Both meats take to sweetness and spice, and can stand up to pungent flavours such as a good, stinky blue cheese of the kind that is quite liable to crawl on to the plate of its own accord if you’ve left it to mature for long enough.
Kudu steak with blue cheese sauce
1 300g kudu loin steak each
1 medium onion
2 cloves garlic, utterly crushed
100g blue cheese of your choice
50ml dry white wine
Salt and pepper to taste
2 Tbs olive oil
1 or 2 Tbs butter
To make the sauce, simmer the onions and garlic in olive oil until soft, and deglaze with the wine. Cook until reduced by half, then add the cream, bring to a simmer and allow to simmer until it reduces and thickens, about 10 minutes at a gentle bubble.
Crumble in the blue cheese and stir until it has all been incorporated. Season with salt and pepper and leave to simmer on the lowest heat for about 10 to 15 minutes.
The flavours will intensify slowly during this process, but don’t forget about it. Once it tastes just right, both in flavour and texture, put a lid on and remove from the heat, to be reheated when you need it.
Cook the steaks – preferably on a griddle, to give it attractive char lines – in butter or butter and olive oil over a relatively high heat but not so high as to burn one side.
Place on the heated fat and leave – do not touch, Daisy – until little beads of ‘sweat’ start to show on the top side of the steak.
This is when to turn them and continue cooking the other side. You’ll have to judge the balance of the cooking time which depends on the thickness of the meat and how your guests want theirs cooked, but if any want them well done, show them the door.

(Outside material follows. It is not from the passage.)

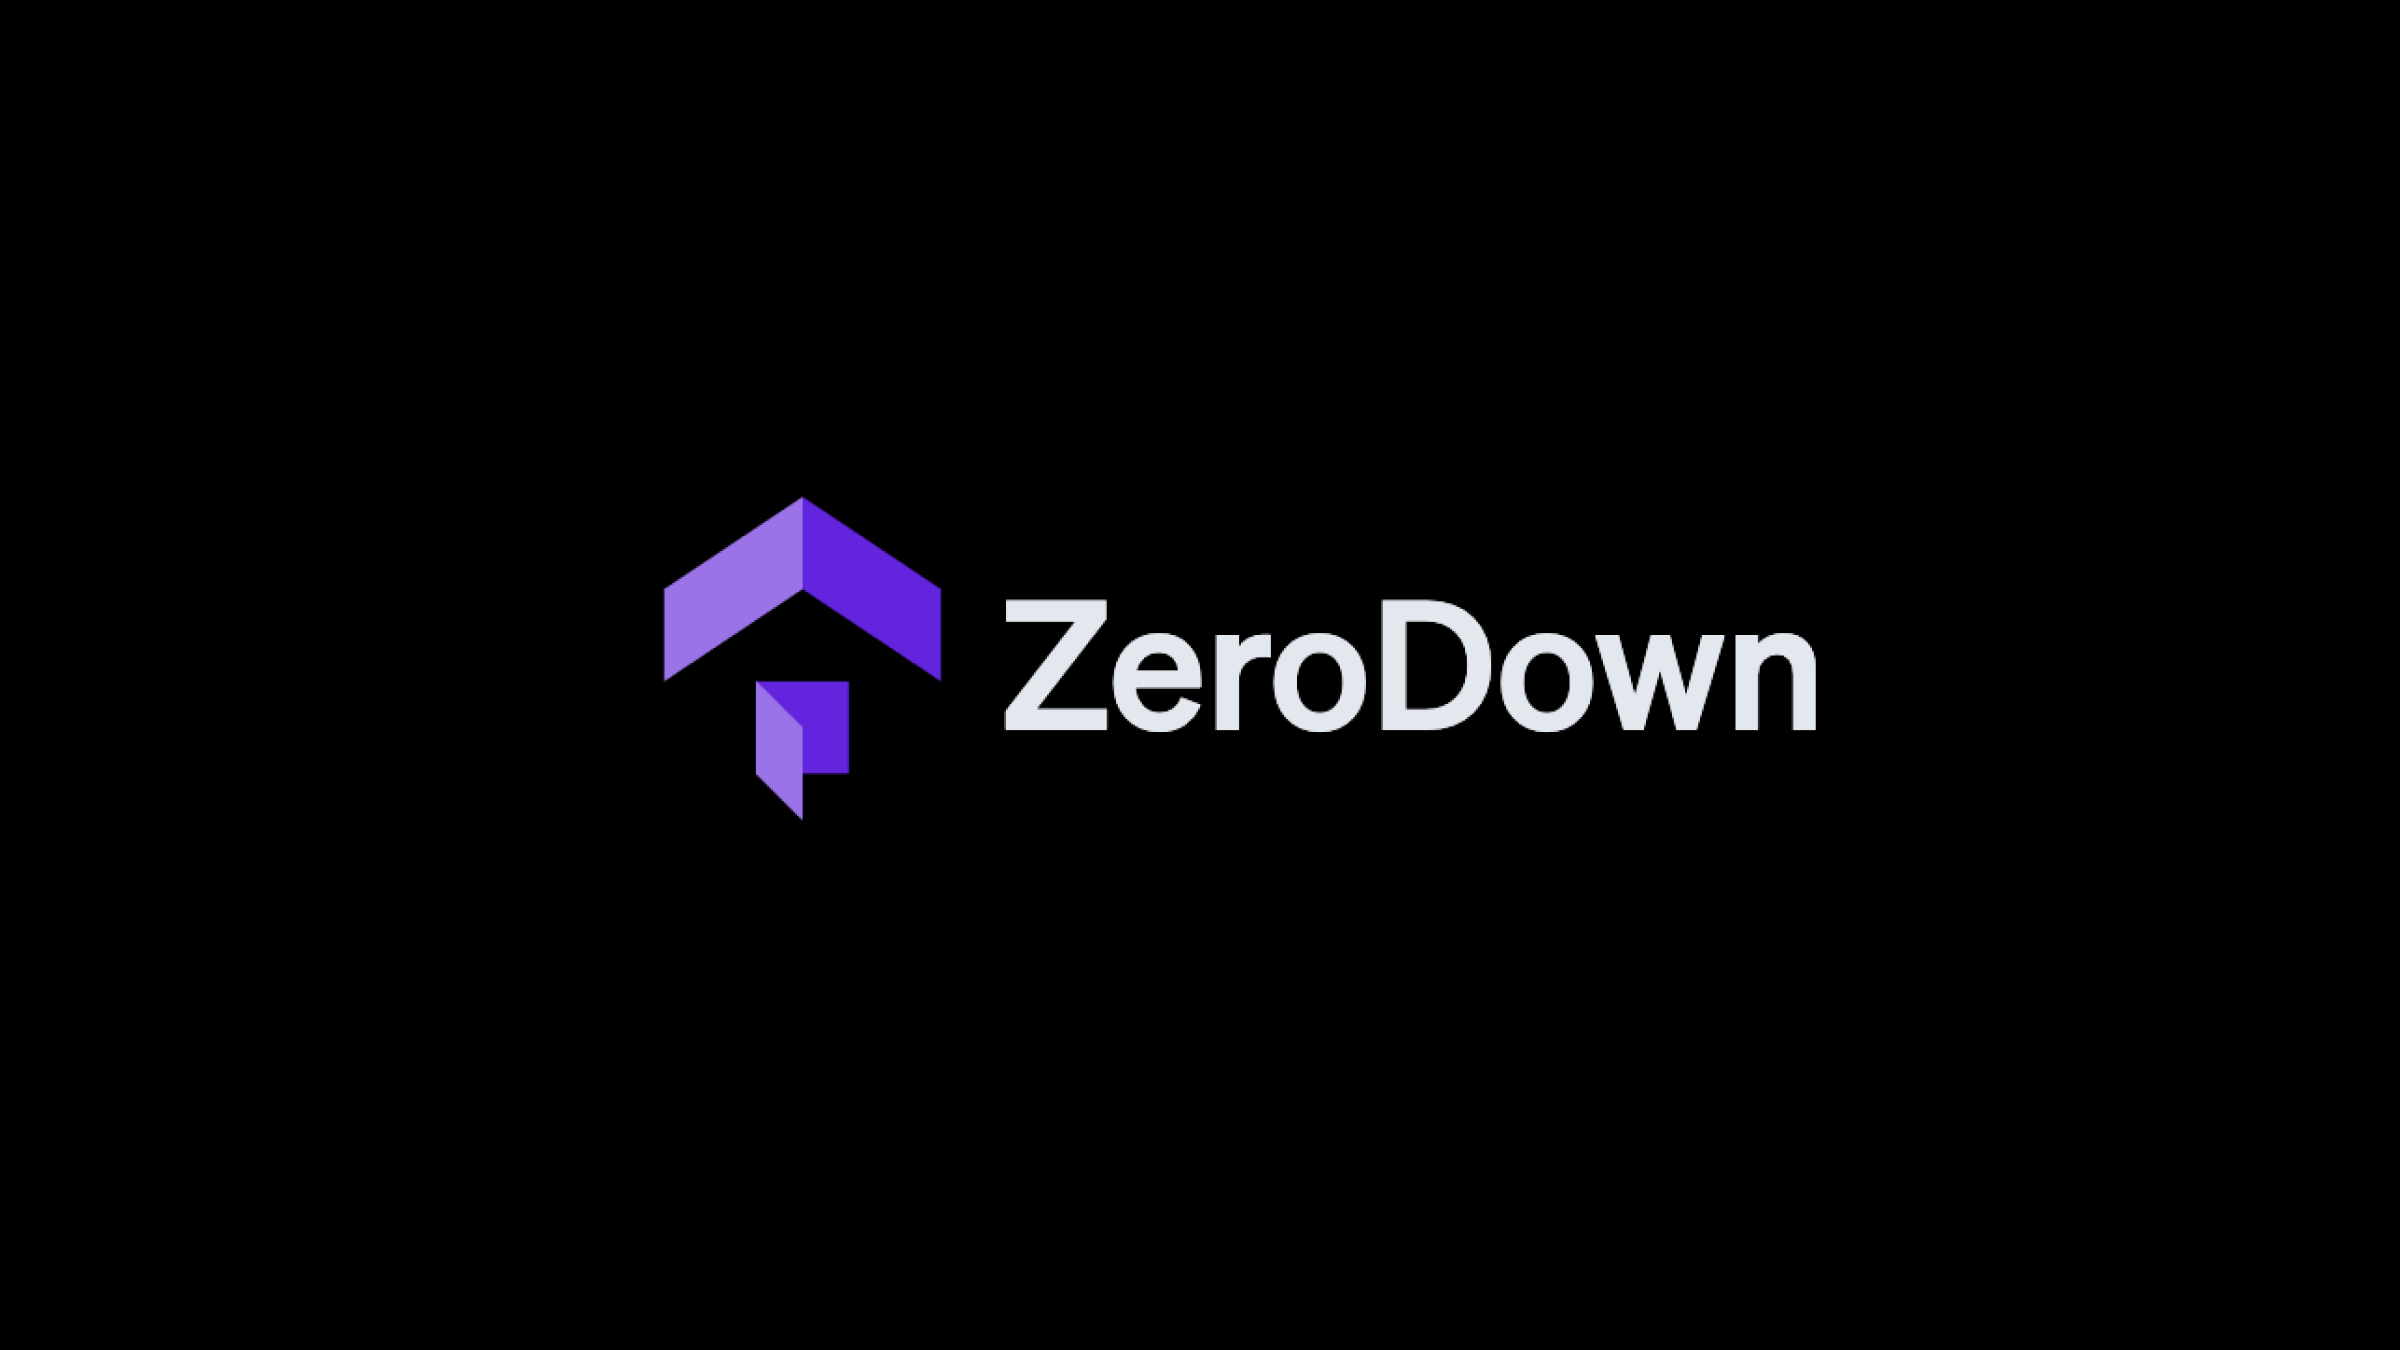 ZeroDown
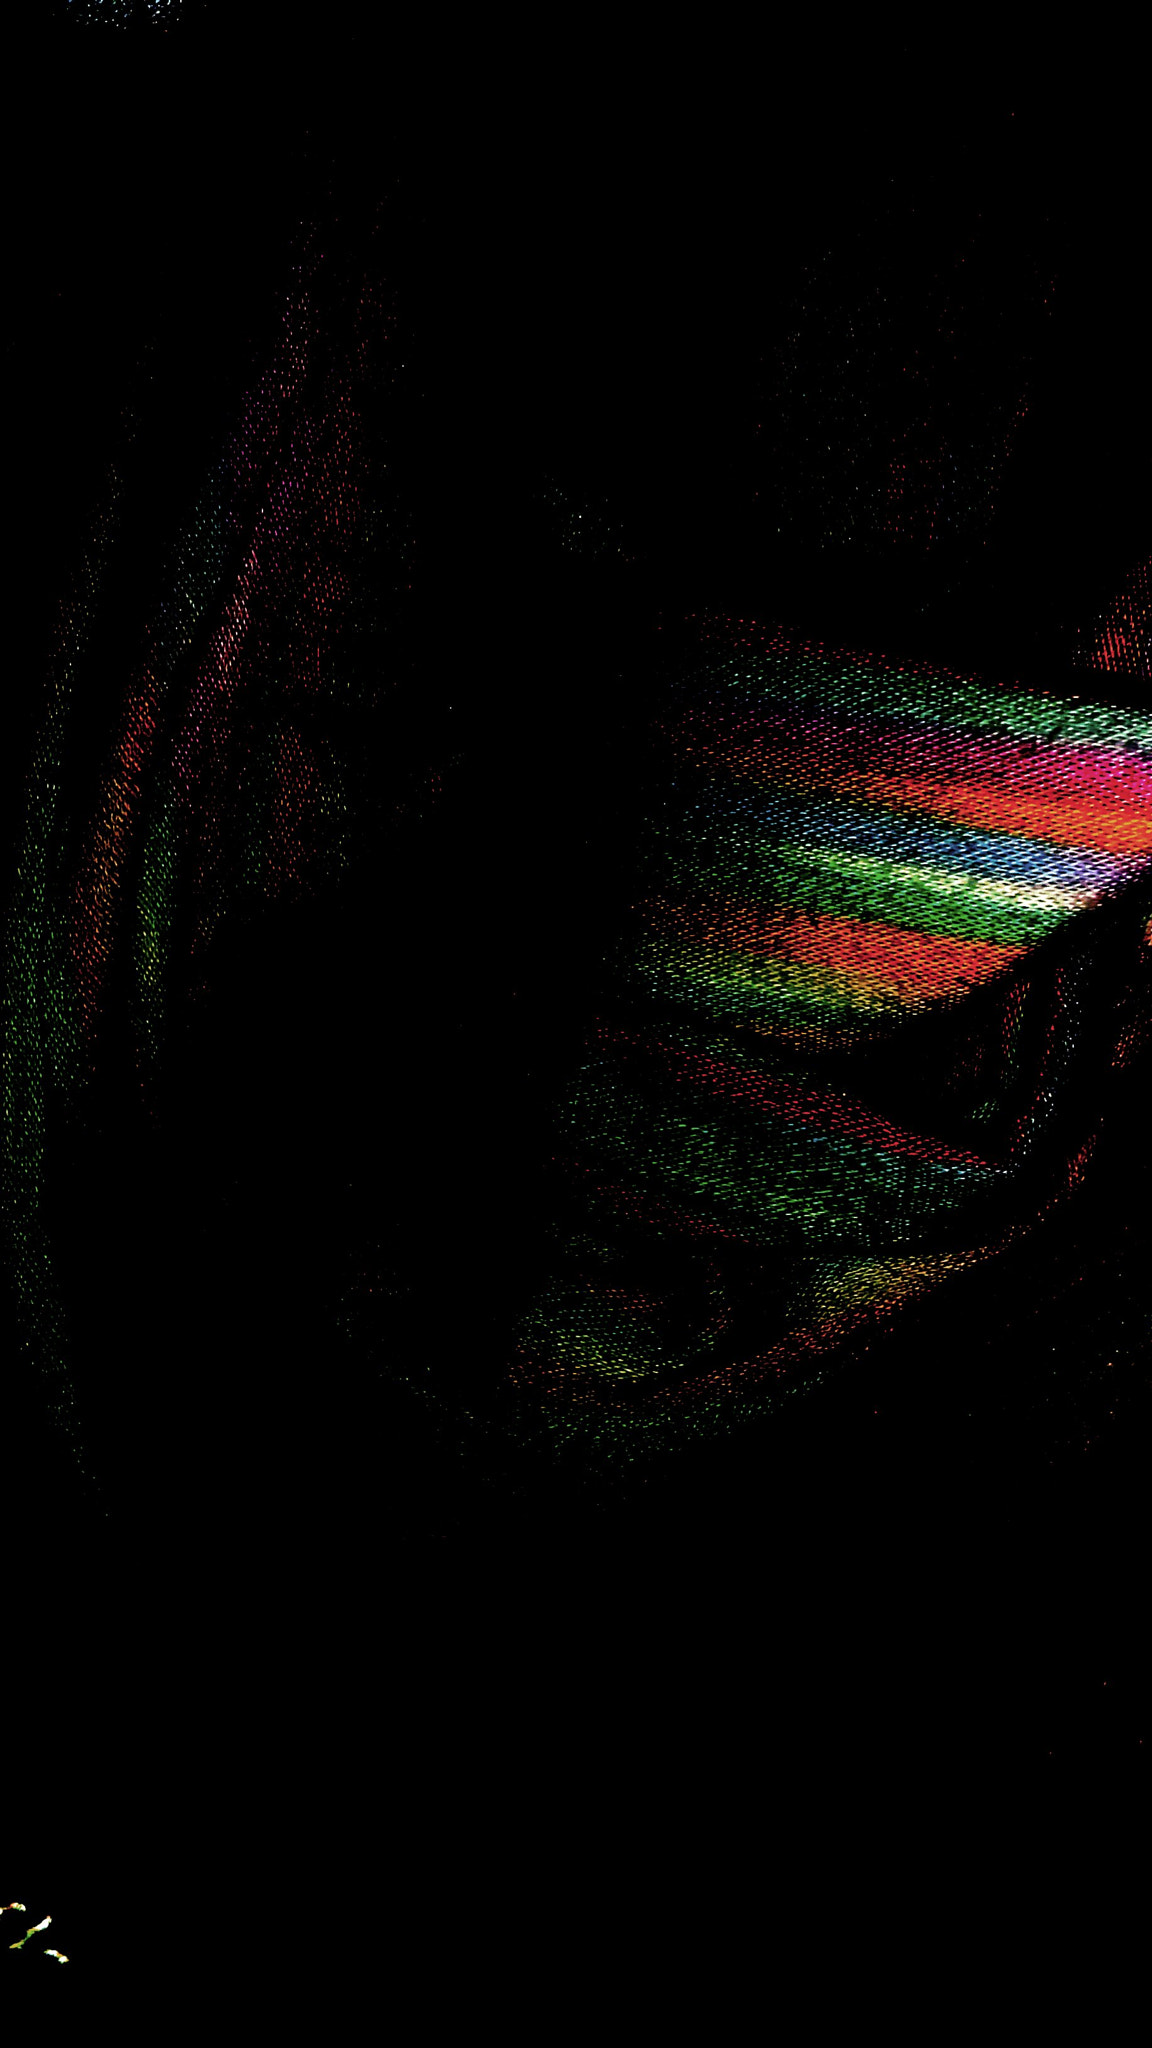 HTC DESRIE D530 sample photo. Rainbow squeeze dissolve photography

Season with salt and pepper a minute or so before you take them off. Wrap tightly in foil for five minutes to rest the meat.
I did mine with vine tomatoes, which I simmered at a very gentle heat in vegetable stock and dry white wine into which I popped a handful of rosemary sprigs, and seasoned with salt and pepper.
They were wonderful and the bonus is that they double up as a garnish.